One thing for potential compaq buyers: don't pay extra for memory upgrades from compaq. You can do far better at other places on the net (ebay included). I bought mine with 64M installed, and upgraded to 192M for *half* the price that compaq was charging...
Let's try not to let fact interfere with our speculation here, OK?
I was sold on this one after taking a friend's out on a test drive. One of the sleekest yet solidy built machines I've seen in a while. I'm planning to buy one within the next few months. It's not below $1000, though (I think it's more around $1500). I'm pretty optimistic they'll get the issues with OS X worked out so that more applications work properly. I haven't done too much research into loading Linux PPC onto the new iBooks, are there any hardware/driver conflicts out there to watch out for?
I just got a Sony Vaio XG-700K, and it's a pretty sweet package. It comes with seperate DVD and Cd-RW drives. The screen is 1024 x 768 XGA and pretty crisp and can be replaced with a privacy screen for cheap off eBay.
It's a 750 megahertz PIII, has built in modem but no ethernet. With two PCMCIA slots, though, you can jam an ethernet card and 802.11b card with no problems.
Downsides? Everything is expensive. Battery is $250 (200 on eBay), extra AC adapter is $100 or so, and so on.
It's a great laptop, and there are linux drivers for the custom stuff (like the Jogdial).
I like Dell machines a lot, and use them exclusively at work (I buy all of our new systems). But, I just bought an iBook for my personal laptop. It's the first Mac I've ever owned, and I like it a lot. I got the DVD model ($1449 for Education users) and I'm quite happy in OS X.
I'll be happier when the 10.1 update is released in September, but I love the small form factor, the light weight, and the AirPort wireless networking. The unfortunate thing about the Dell machines is that you can't have both an internal network card and an internal wi-fi card, at least not at this time.
The biggest drawback to my iBook is the cost of the 3 year AppleCare warranty. $237 is a major rip off to extend your warranty two more years. OS 9.1 sucks too, but I don't use it except to play DVDs and to configure AirPort base stations.

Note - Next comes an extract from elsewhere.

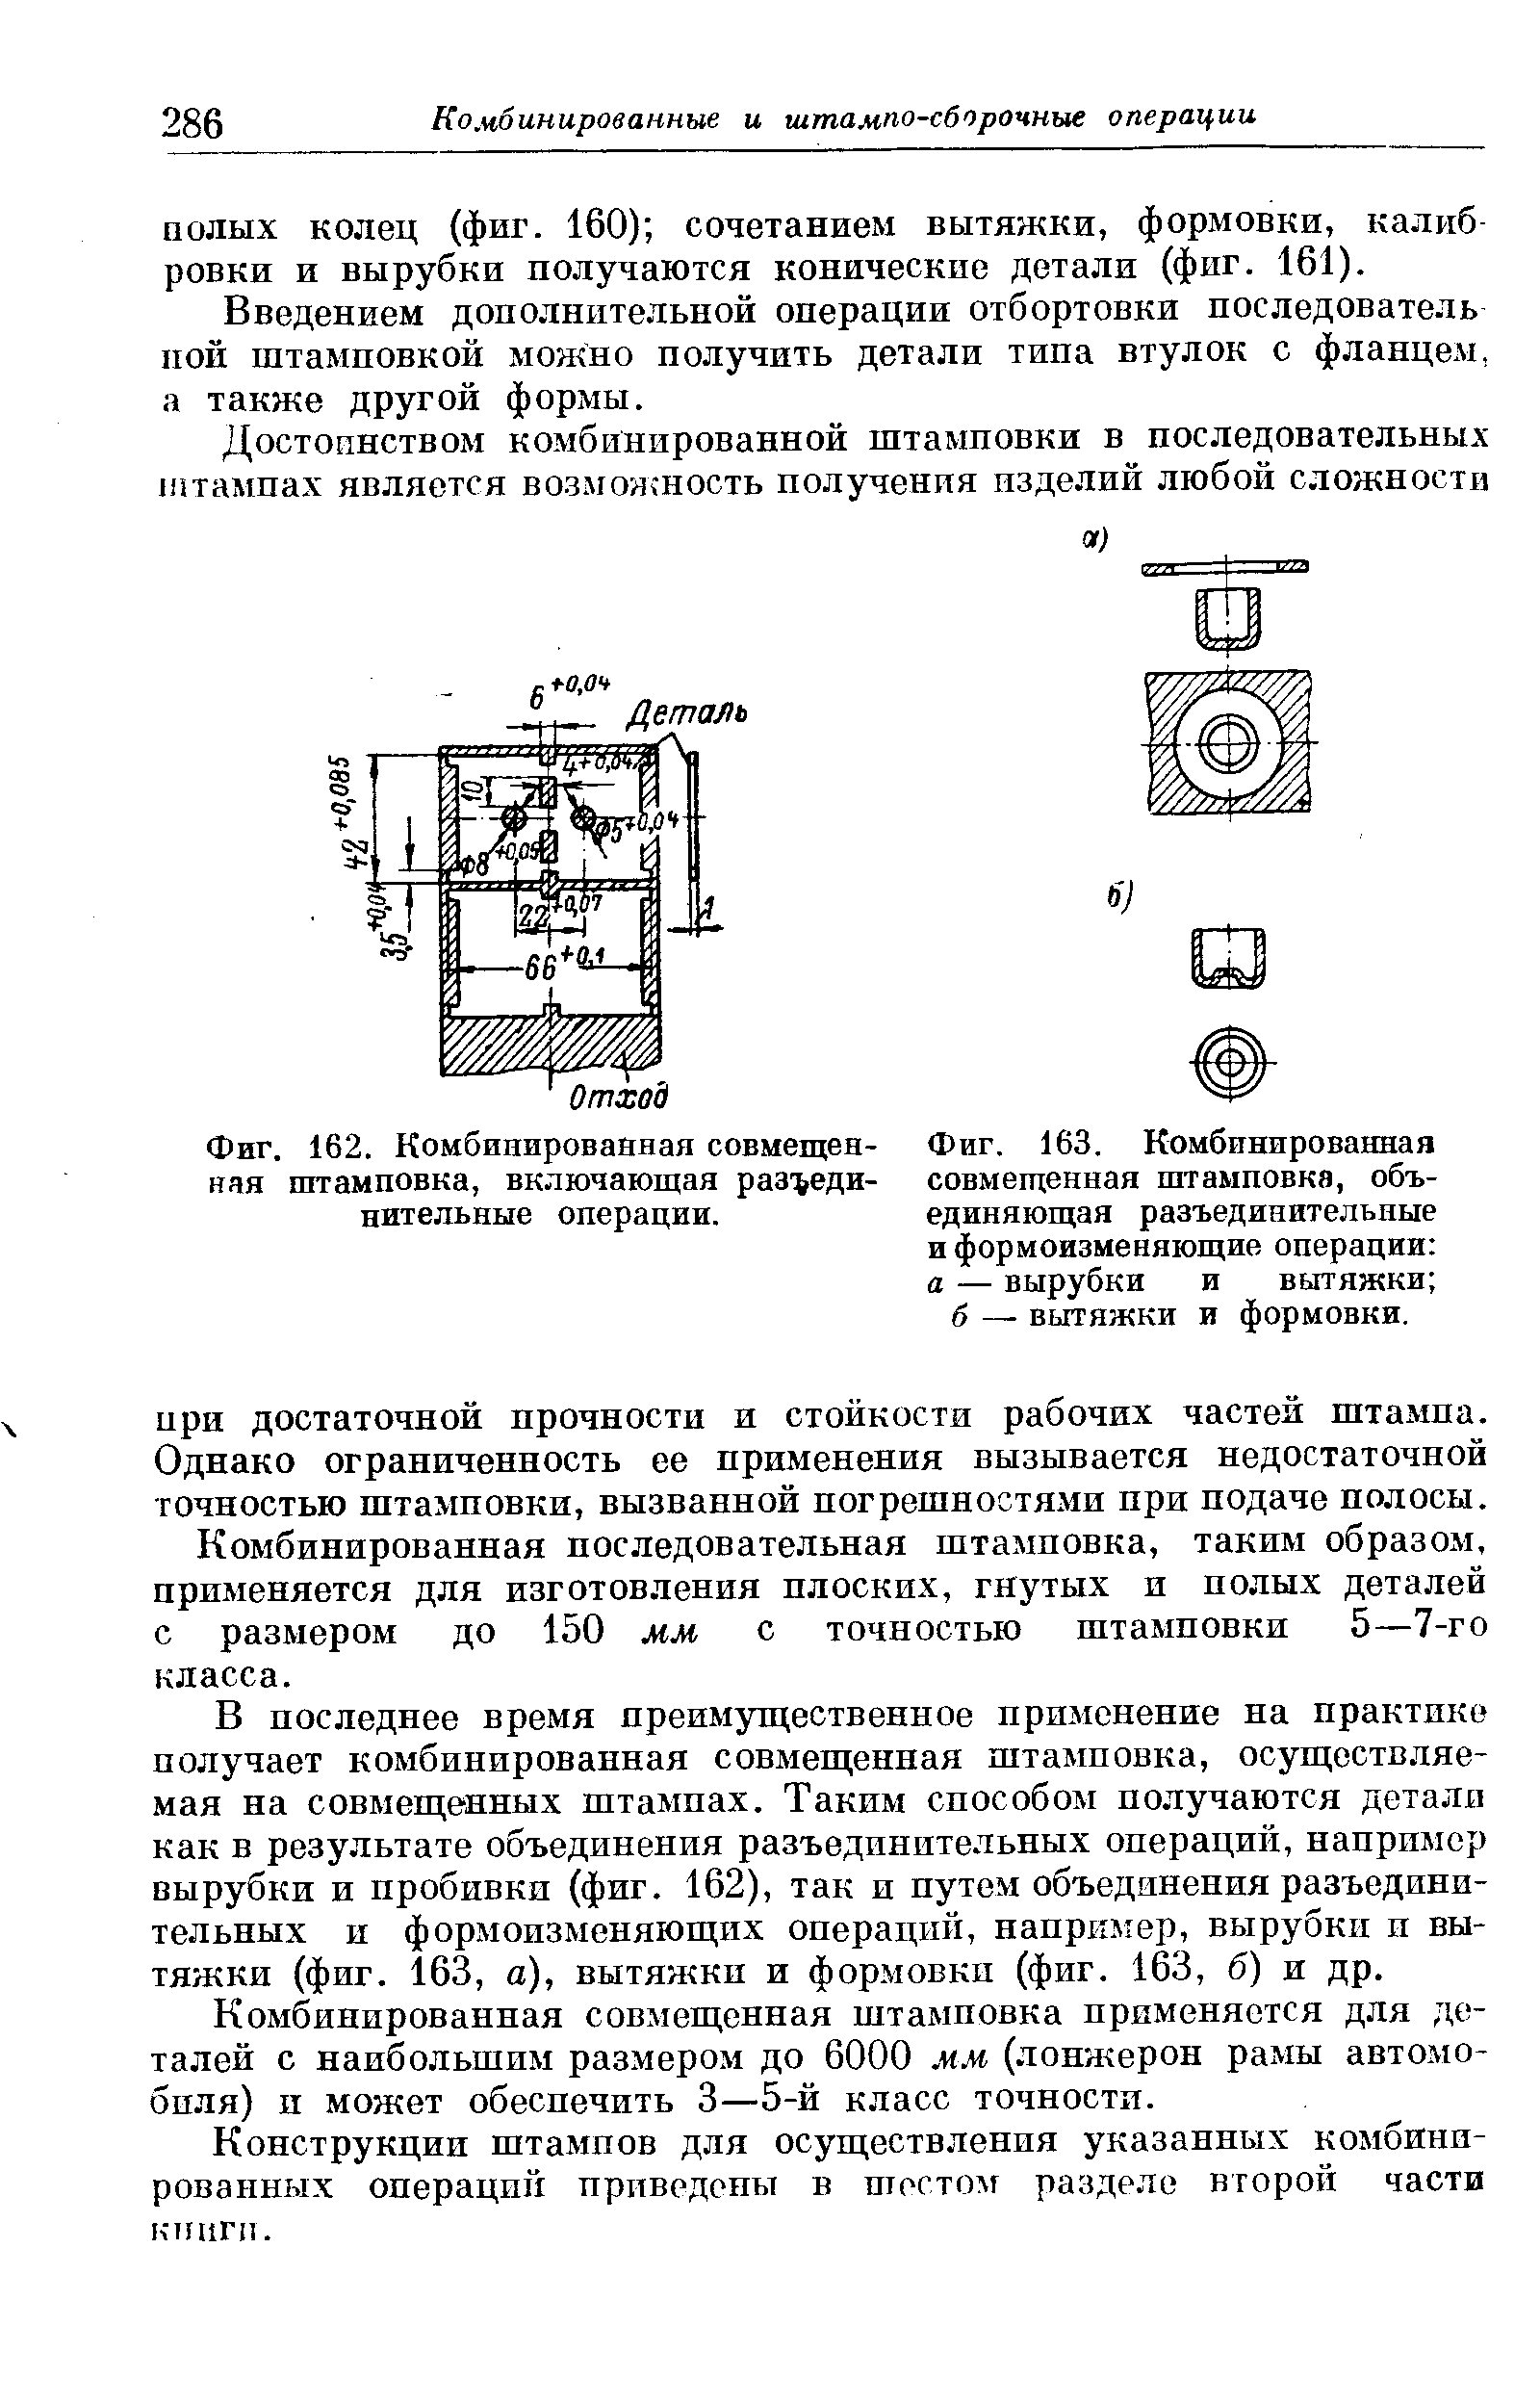 Фиг. 163. Комбинированная совмещенная штамповка, объединяющая разъединительные и формоизменяющие операции а — вырубки и вытяжки

In short, don't sell Apple's iBook short, I'm pretty happy with mine, and I've been a Pee-Cee user since I got my XT in the 7th grade.
When in danger or in doubt, run in circles, scream and shout. --Robert A. Heinlein
hell, runs Linux on it's own under Yellow Dog Linux
Here's my shortlist of vendors who preload Linux on laptops:
I encourage other posters to add to the list.
I Just purchased and recieved a Dell inspiron 8000. Very nice, 1Ghz, 256mb pc100, 32mb geforce2go 3d card, a 8x DVD and a 8x CD-RW, a 15" screen. This thing can fly, and play with the big boys. And it wasn't too bad at $2,400.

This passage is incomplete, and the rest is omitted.